Supplied material ::
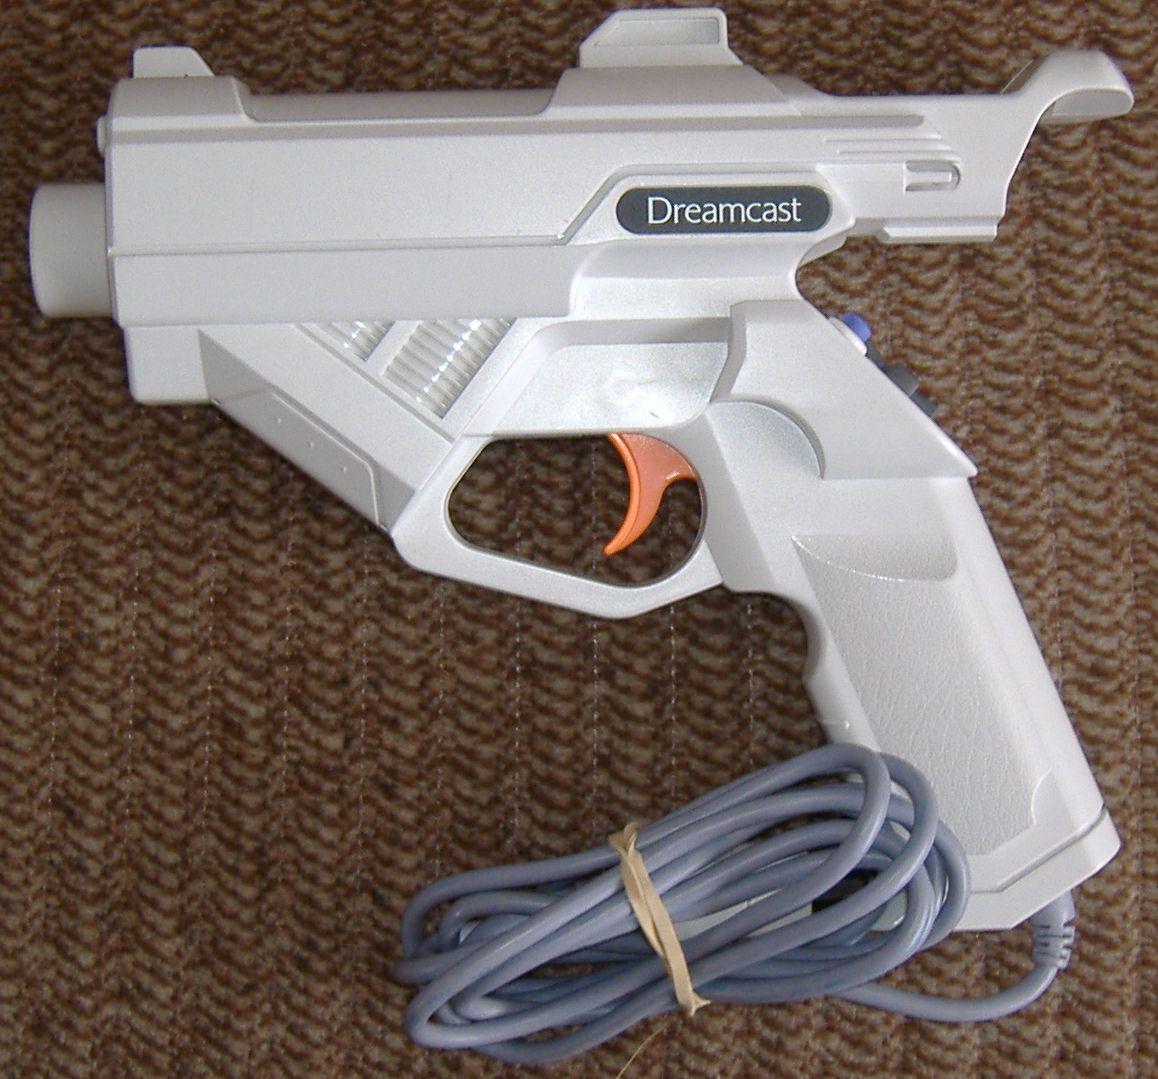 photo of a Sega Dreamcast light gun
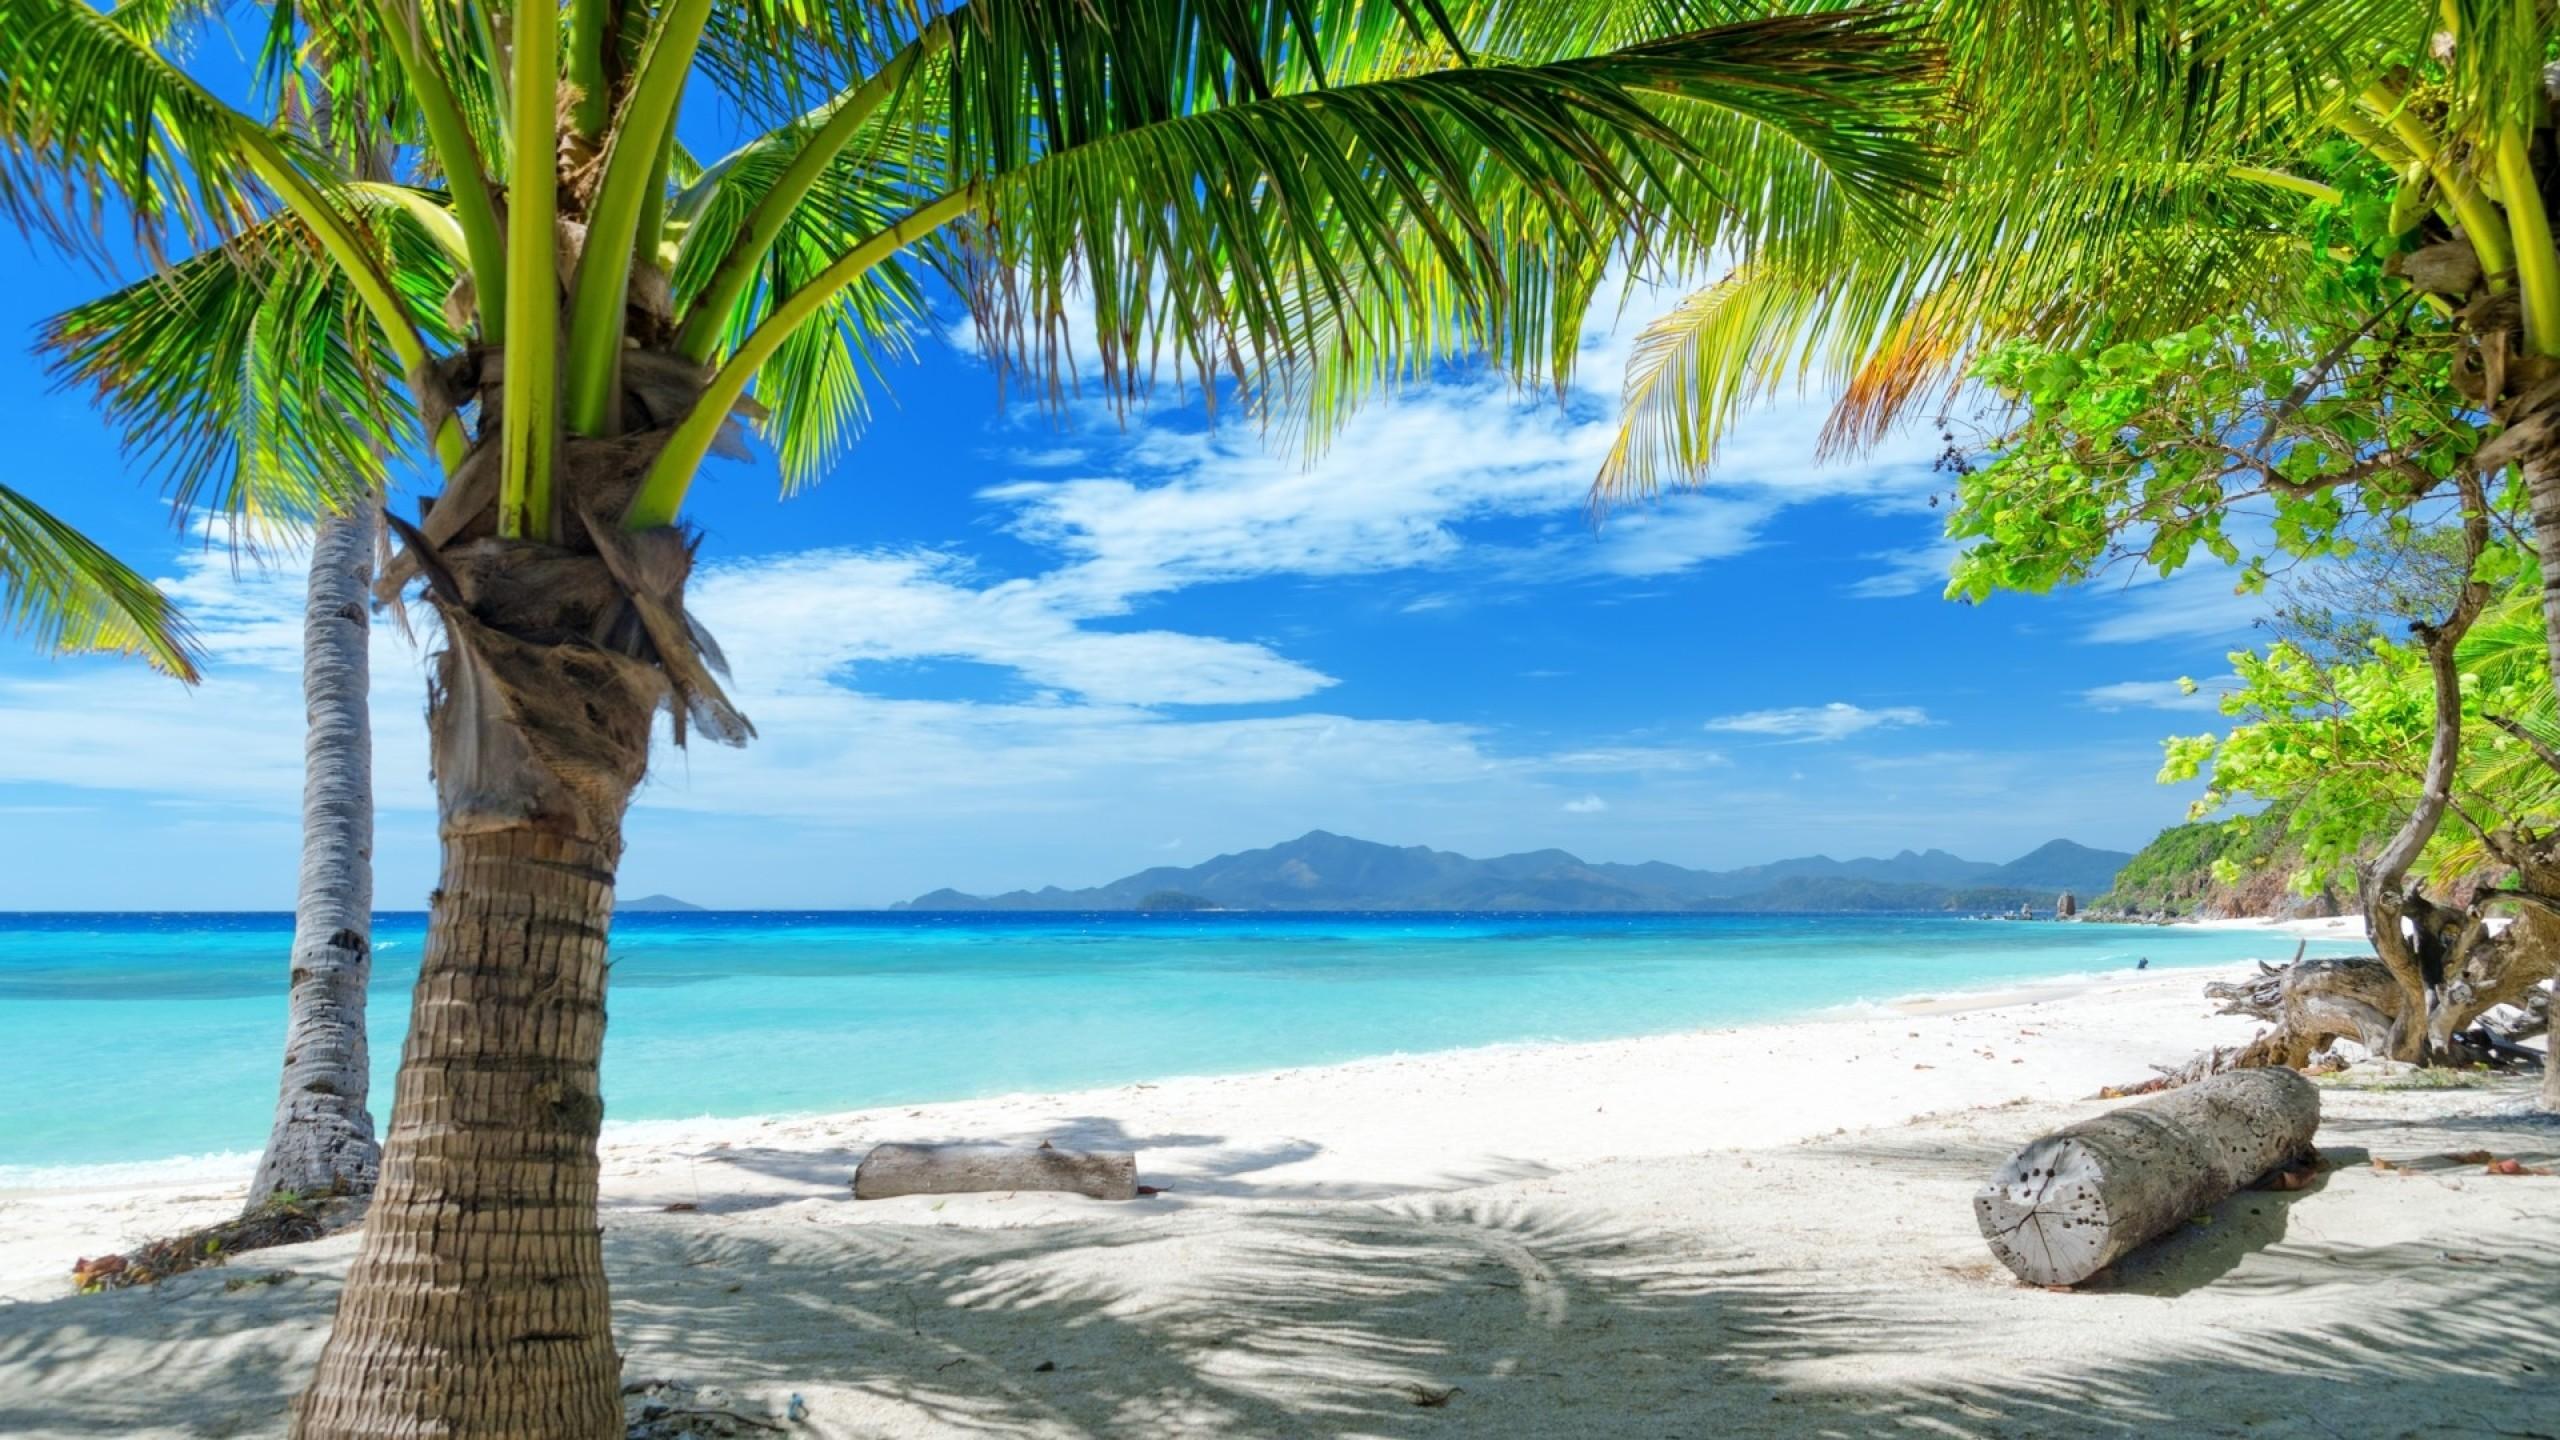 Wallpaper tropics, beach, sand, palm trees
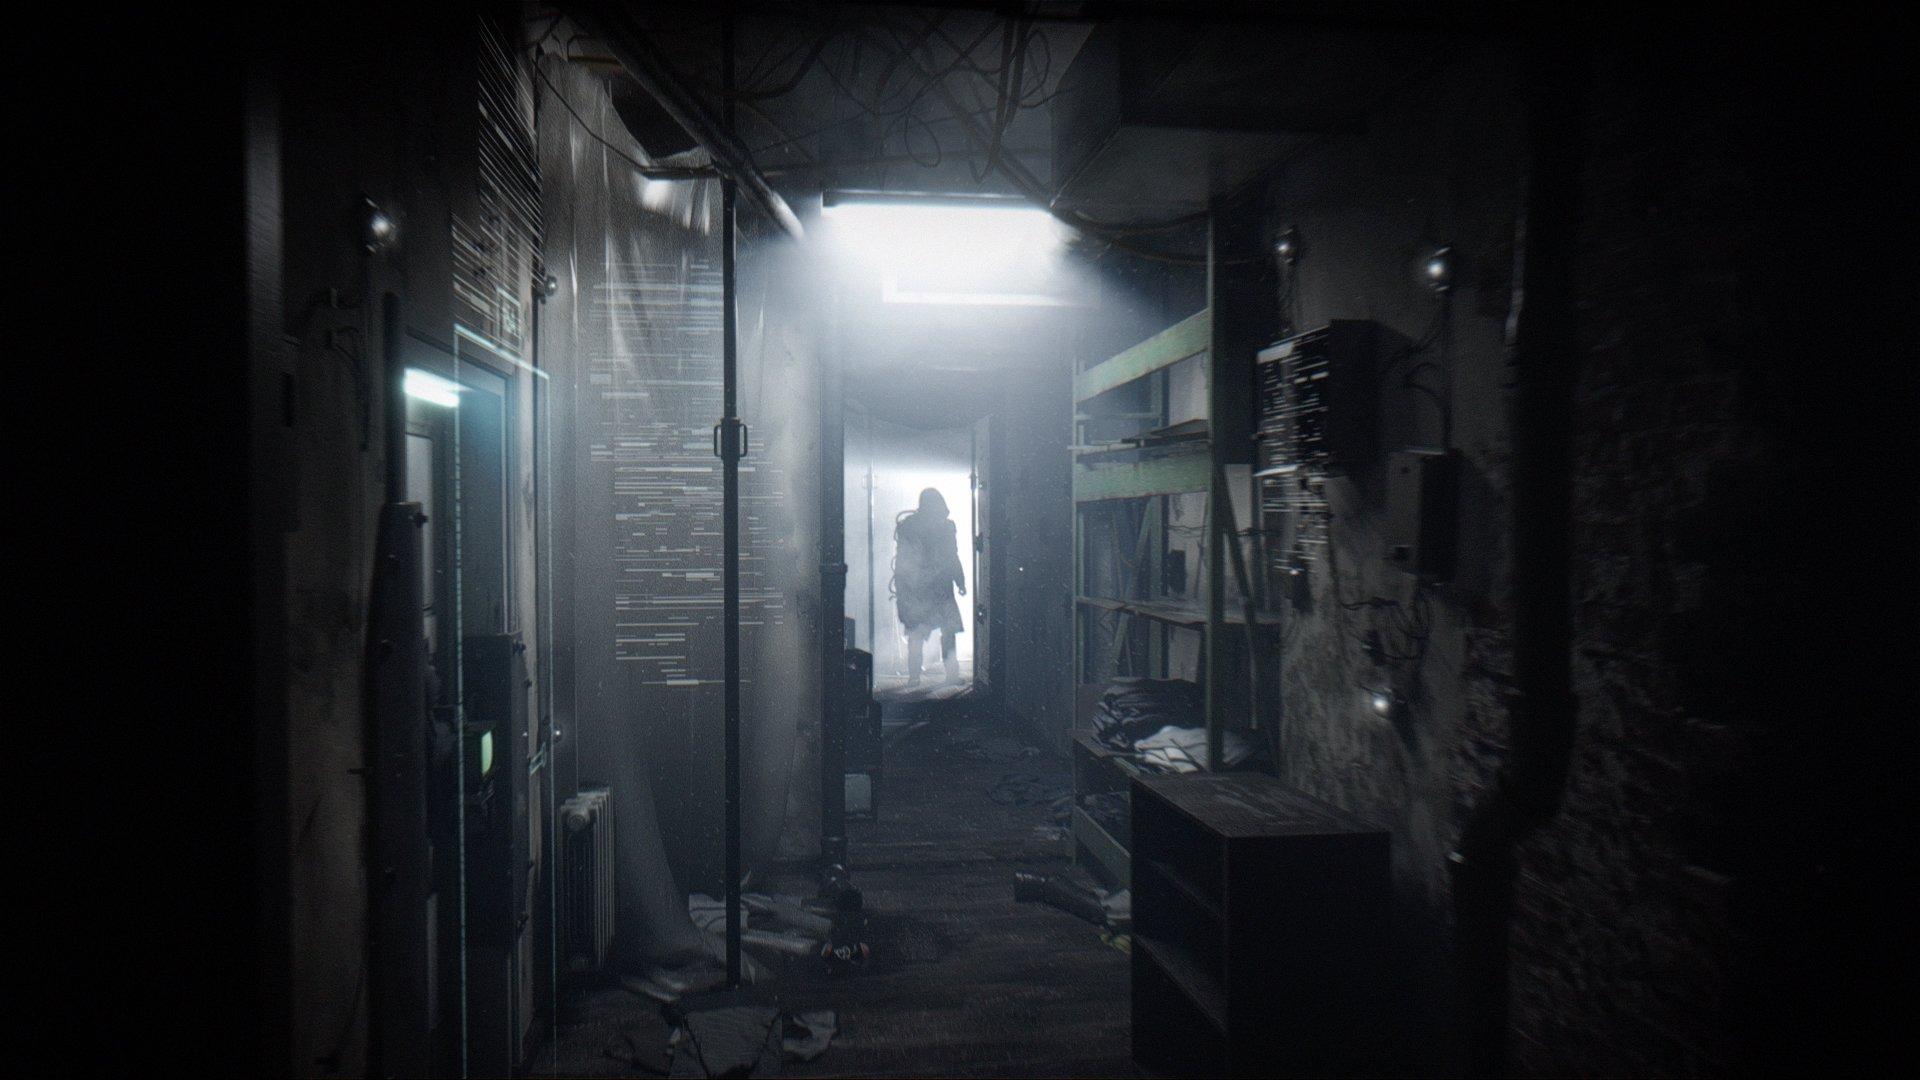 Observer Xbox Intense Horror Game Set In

What to produce ::
Restate the full listing word for word, excluding images.

Reply ::
 photo of a Sega Dreamcast light gun
 Wallpaper tropics, beach, sand, palm trees
 Observer Xbox Intense Horror Game Set In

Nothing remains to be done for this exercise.